Added traffic along the already strained Route 2-Sockanosset Cross Road corridor remains a top concern, McNally said. Noting that Costco stores in other parts of New England are situated in purely commercial areas far away from neighborhoods, she said issues such as noise, deliveries and visual impacts are also continued area of focus.

McNally also said the cemetery relocation had drawn opposition during the initial stages of the project’s submission.

“I just feel like a lot of the major concerns that were brought up were not addressed by [the revised plan],” she said. “It’s still going to negatively impact the city.”

Another key point made by McNally and her group stems from the way the Mulligan’s Island project was pitched to neighbors when the existing MPD zone was developed. The property was previously owned by the state and undeveloped, and the Cranston Neighbors group has said Mulligan’s Island was presented as a way to “provide a legitimate buffer” between homes and the existing state complex while protecting the existing character of the area.

“We’re not against Costco coming [to Cranston] at all … It’s not just Costco,” she said. “It’s the fact that that land was sold to be specifically built as Mulligan’s Island.”

She added: “Promises were made to the residents when that was built … and those promises should be kept.”

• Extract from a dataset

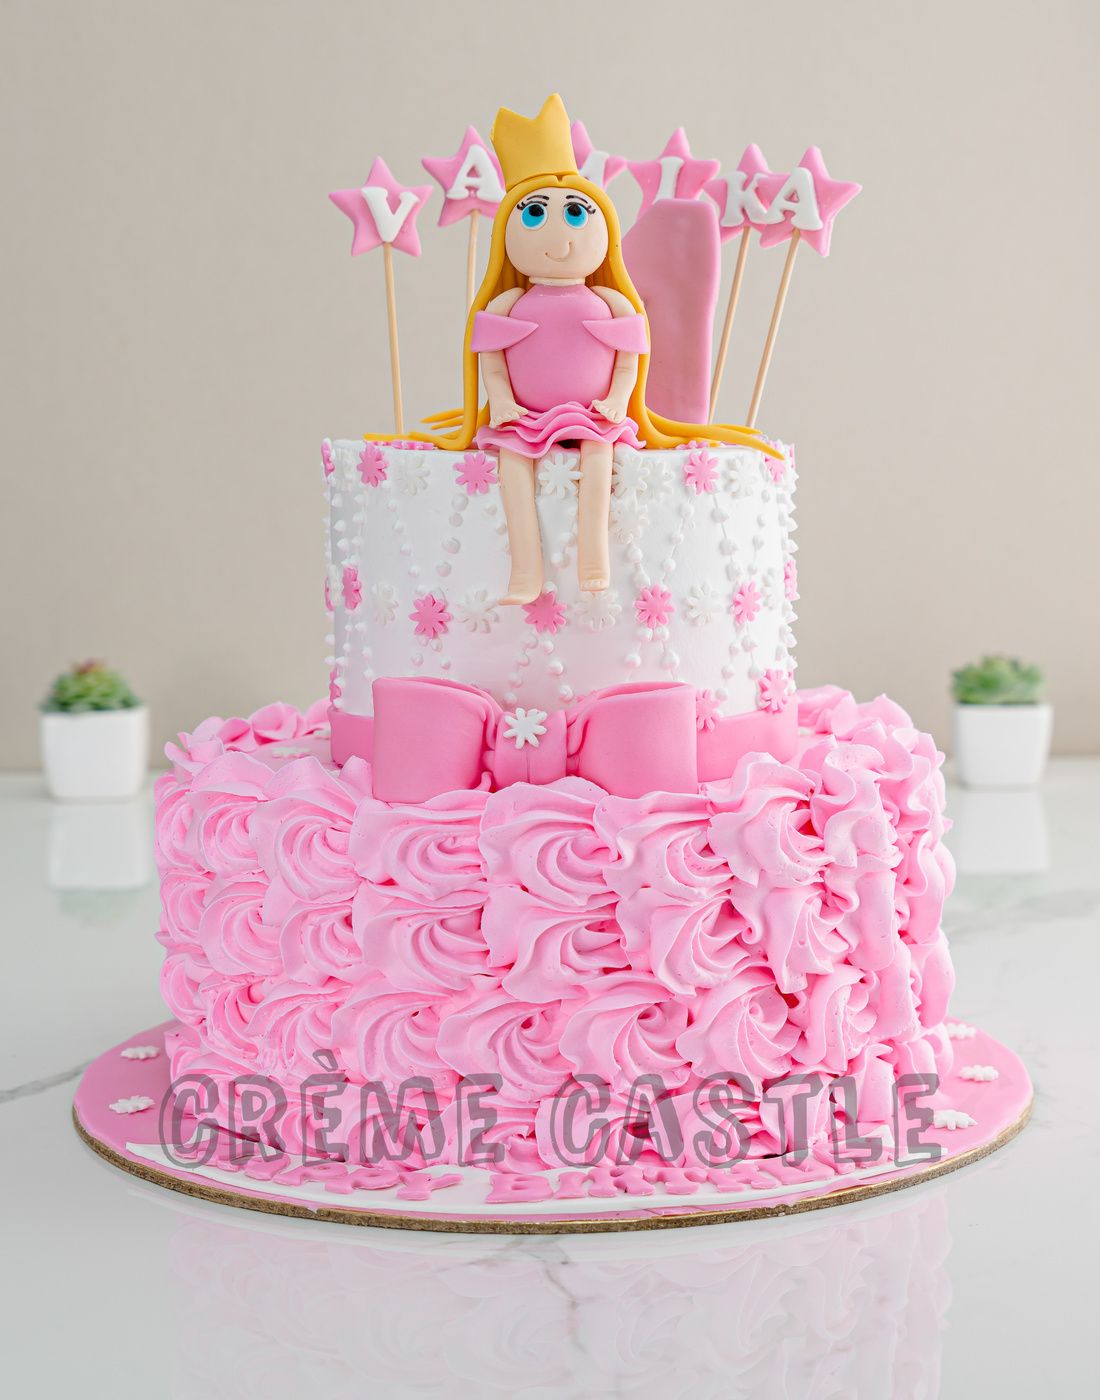 Layered Princess Cake Recipe: How to Make It

As with all public meetings in recent months, December’s hearings on Cranston Crossing are set to be held using Zoom. McNally said some residents are uncomfortable with remote meeting technology and might as a result be excluded from the process.

“A proposal of this magnitude should not be heard when all the residents are not given a fair opportunity … It’s just not the right time for this proposal to be heard,” she said.

She urged concerns residents to contact their local elected officials and said her group will continue its outreach ahead of the upcoming hearings. She said the group has also been working with its legal counsel and experts to prepare, and continues to raised money to support its efforts.

“There’s a lot of misinformation out there about the parcel itself, as well as the proposal … We’re doing what we can to get the word out,” she said.